Aunque parezca mentira, hasta el jueves no empieza la campaña electoral. Hasta ahora, desde hace meses y, en el actual contexto, hasta final de año, estamos en una campaña electoral constante. En la época formalmente preelectoral asistimos esencialmente a una intensificación del intercambio de golpes, cada vez más intensos, entre los partidos y candidatos que se disputan nuestro voto. Hablo esencialmente de Barcelona, que es donde vivo, trabajo y voto. Pero no solamente.

Lo que nos ofrece el panorama es, primero de todo, un pim-pam-pum en un concurso a ver quién la dice más gorda. No quién hace la mayor promesa electoral, sino a ver quién descalifica más contundentemente a los contrarios, como si se tratara de una lucha entre detergentes para ver quién lava más blanco.

Sabemos, por experiencia, que las promesas son contingentes, sea porque son mera propaganda o porque no están suficientemente justificadas en su implementación para convertirlas en mensajes serios y creíbles. El debate no es, pues, entre argumentos, sino entre invectivas mutuas o, si hay suerte, en errores conceptuales con los que los candidatos adornan sus campañas. Ya sea para decir que los coches no contaminan o que con 3.000 euros no se llega a fin de mes —aquí más modestos que Aguirre, que con 90.000 al año no llegaba— o para decir que no es hora de quejas, sino de trabajar; o de ocuparse de cosas que interesen a los ciudadanos. Cosas que cuando se mencionan se dice, suplantando el clásico, aquello de "hoy no toca". De paso se machaca la propia parroquia. Inefable.

Dejando de lado los partidos marginales, por dudosa entidad y cuestionable solvencia política, los grandes, los que aspiran a decidir nuestros futuros, se olvidan que o han formado parte activa de los gobiernos o que gobernaron cuando la corrupción llegó por primera vez. Atacan a sus recientes exsocios o hacen como si no hubieran gobernado nunca, dejando una crisis que ha costado años y años remontar. No producen, sin embargo, mensajes positivos. Este es un rasgo patológicamente común en todos los concurrentes. Quizás es el signo de los tiempos.

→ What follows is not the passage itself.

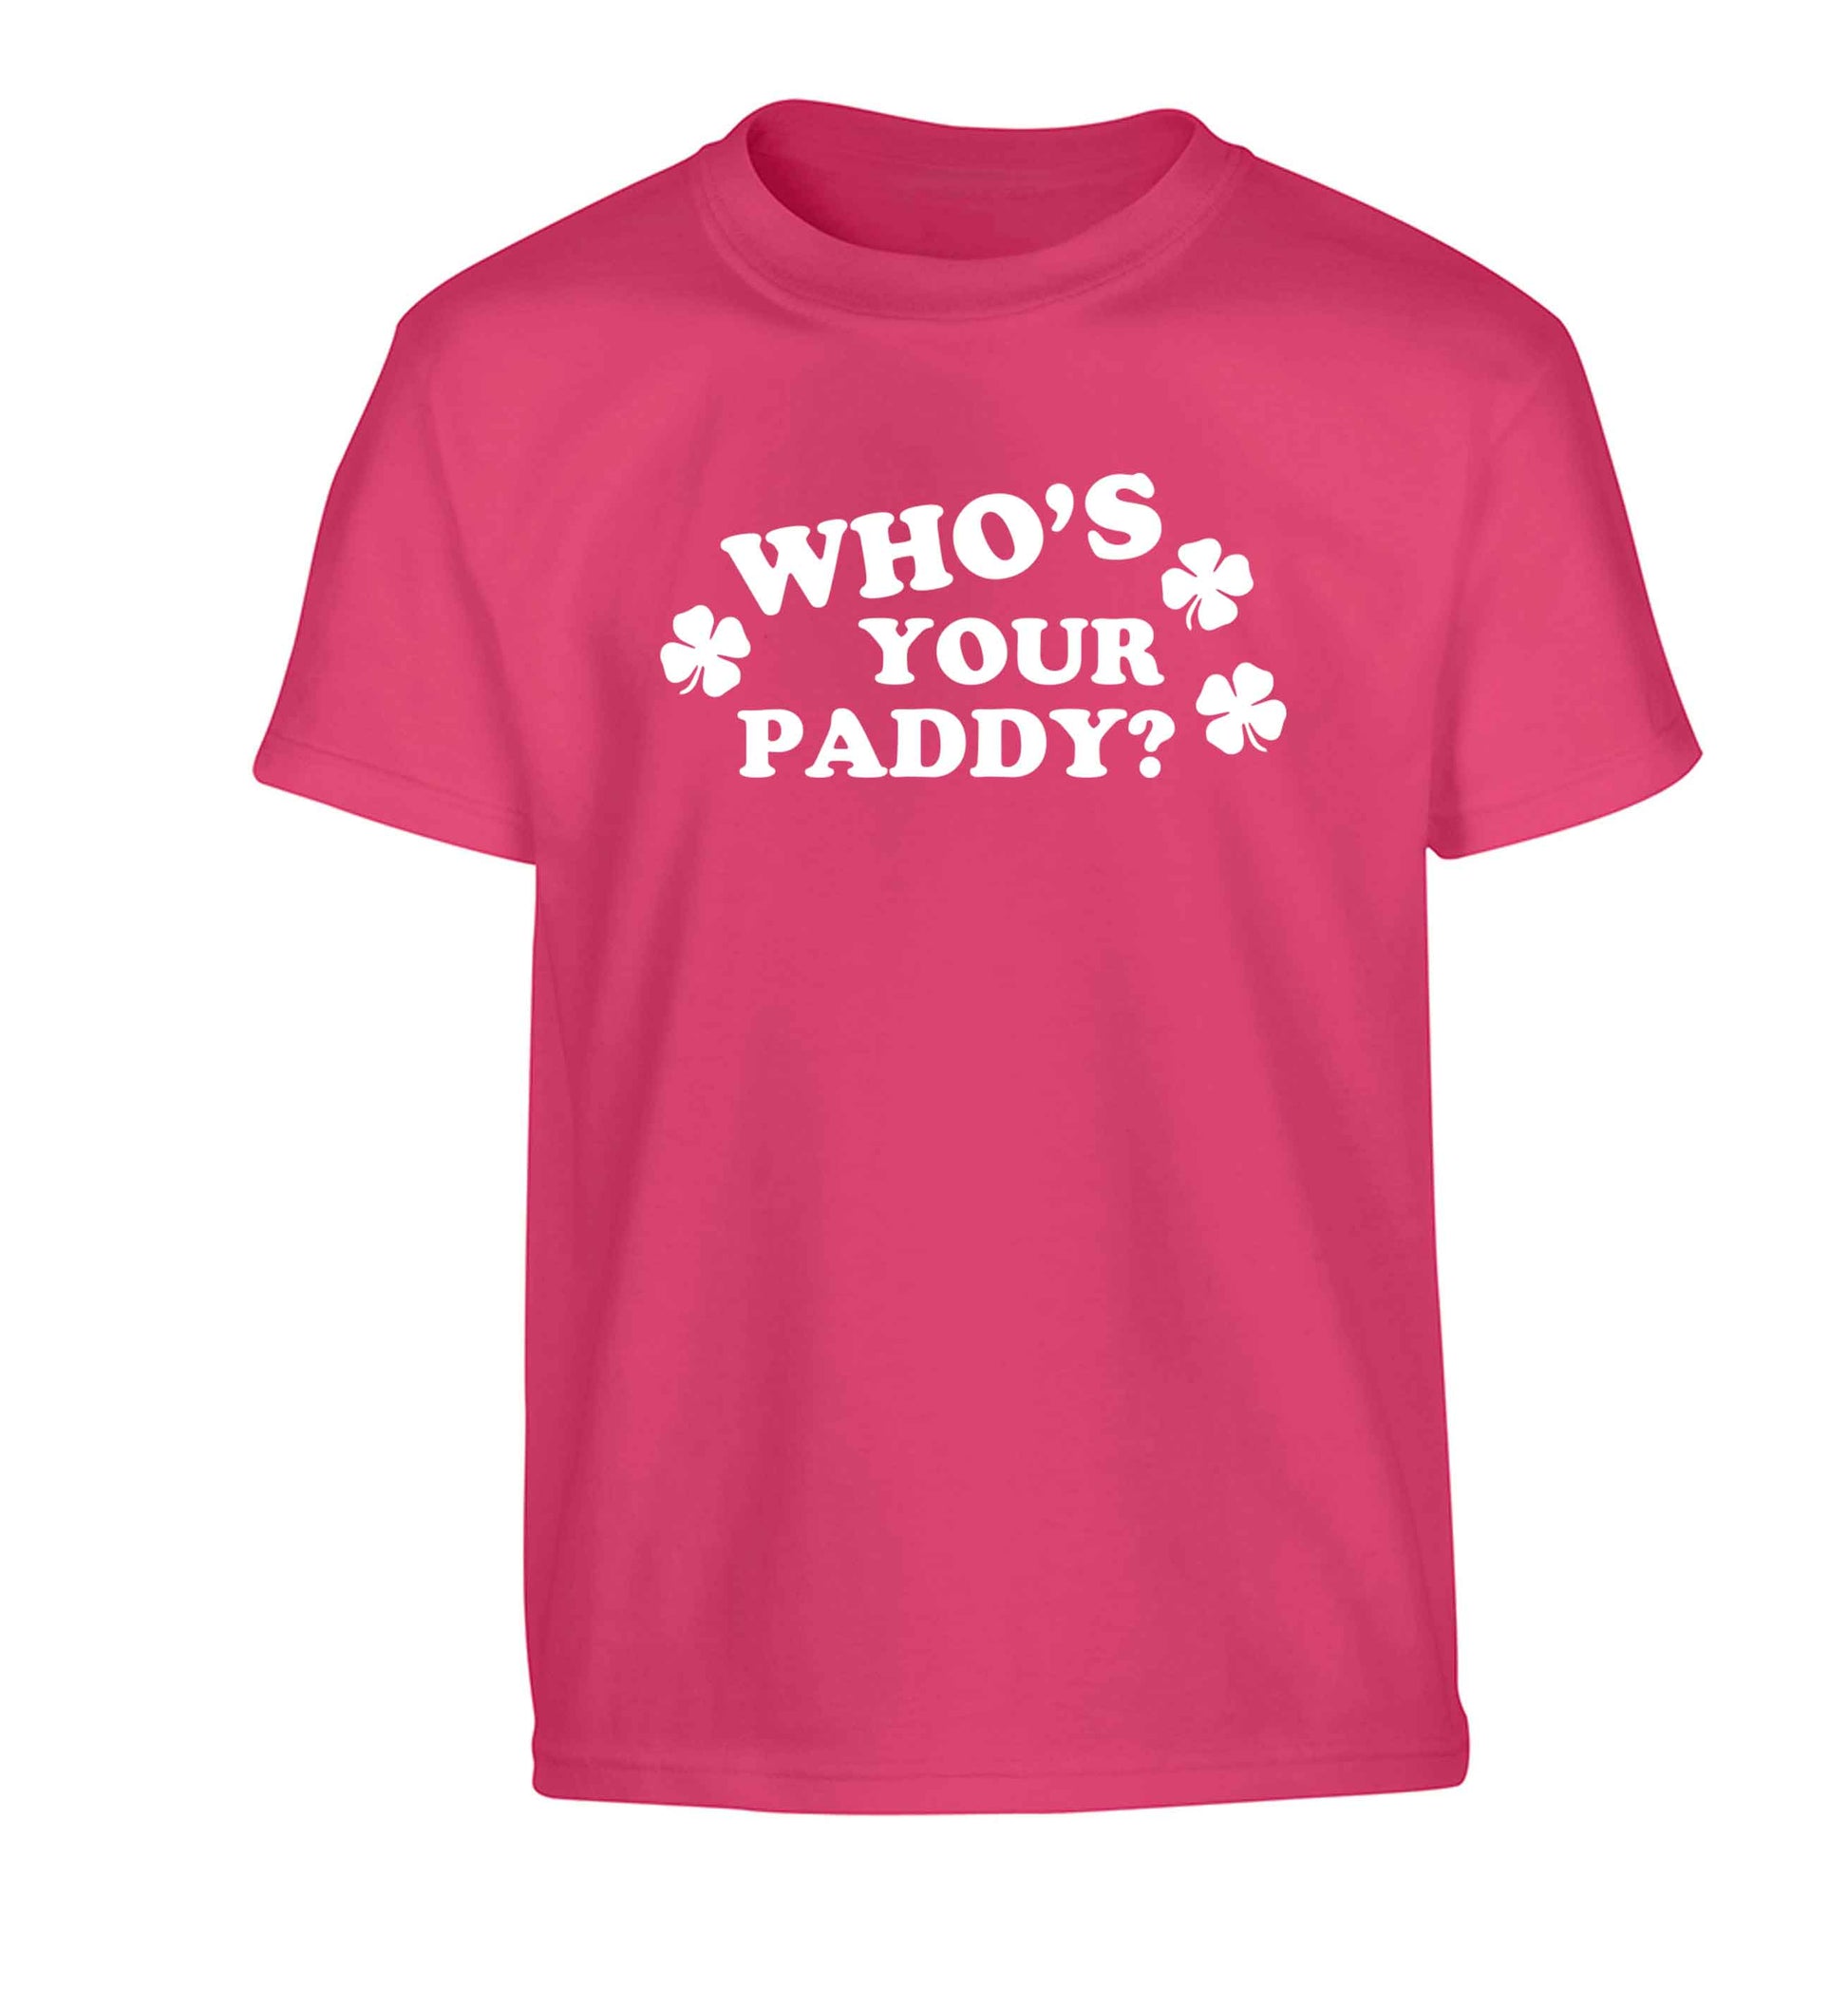 Who's your paddy? Children's pink Tshirt 12-13 Years

Cerraremos o reduciremos el turismo en Barcelona, pero no se dice cómo —recordamos moratorias anteriores que no se pudieron llevar a cabo por el coste faraónico de las indemnizaciones—, ni cómo sustituiremos la aportación del turismo de masas —el turismo o es de masas o no es turismo— al PIB de nuestras ciudades, que tienen una base de ocio internacional primordial. Potenciar un turismo minoritario, de élite, es volver a los viejos tiempos, donde solo unos pocos podían viajar y conocer mundo. No vale derivar el de masas de verdad, el popular, a zonas de recreo dudoso, de urbanismo salvaje, de juego y de oscuras inversiones, con maltrato sistémico a los que trabajen en ellas, con rebajas fiscales para los ludófilos: desgravar el dinero que tiramos. Política fiscal acertada.

A diferencia de otros países europeos, y siempre siguiendo el modelo español, Catalunya está muy desequilibrada, es decir, territorialmente invertebrada. Por una parte, no se puede hablar de ningún problema de Barcelona, de cabeza, si no se hace desde una perspectiva metropolitana a la cual hay que dotar de auténtico poder político y no de pequeñas coordinaciones que muy poco resuelven: ni transporte, ni urbanismo, ni vivienda, ni cultura, ni I+R+I, ni sostenibilidad, de calidad del empleo, ni... Los problemas de Barcelona son metropolitanos y los problemas metropolitanos —es decir, los de unos cinco millones de ciudadanos— son problemas de Barcelona. Las soluciones metropolitanas ni están ni se las espera.

El otro gran problema barcelonés y catalán, que solo una integración cooperativa territorial en red puede intentar paliar, es la desigualdad. La desigualdad es la gran excrecencia de la globalización. Una sociedad tan desigual como la catalana no puede aspirar a ser una sociedad de progreso. No hablo, obvio es decirlo, de igualitarismo o uniformismo social. Hablo de una cosa más profunda y esencial: no podemos permitirnos perpetuar la discriminación que deja en vía muerta a muchos de nuestros conciudadanos, ya sea por renta, formación, género, origen social o geográfico. Una sociedad tan desigual como la nuestra está destinada al fracaso. Está destinada a vivir en guetos comunicados solo por la violencia. No será hoy, ni mañana. Sin embargo, tal como van las cosas, será.

En vez de tuits o frases para epatar a propios y extraños, ¿qué tal un sólido proyecto de futuro, previo un diagnóstico racional y mínimamente ideológico? La enorme fuerza configuradora de nuestros pueblos y ciudades lo puede hacer posible, por poco consenso que haya.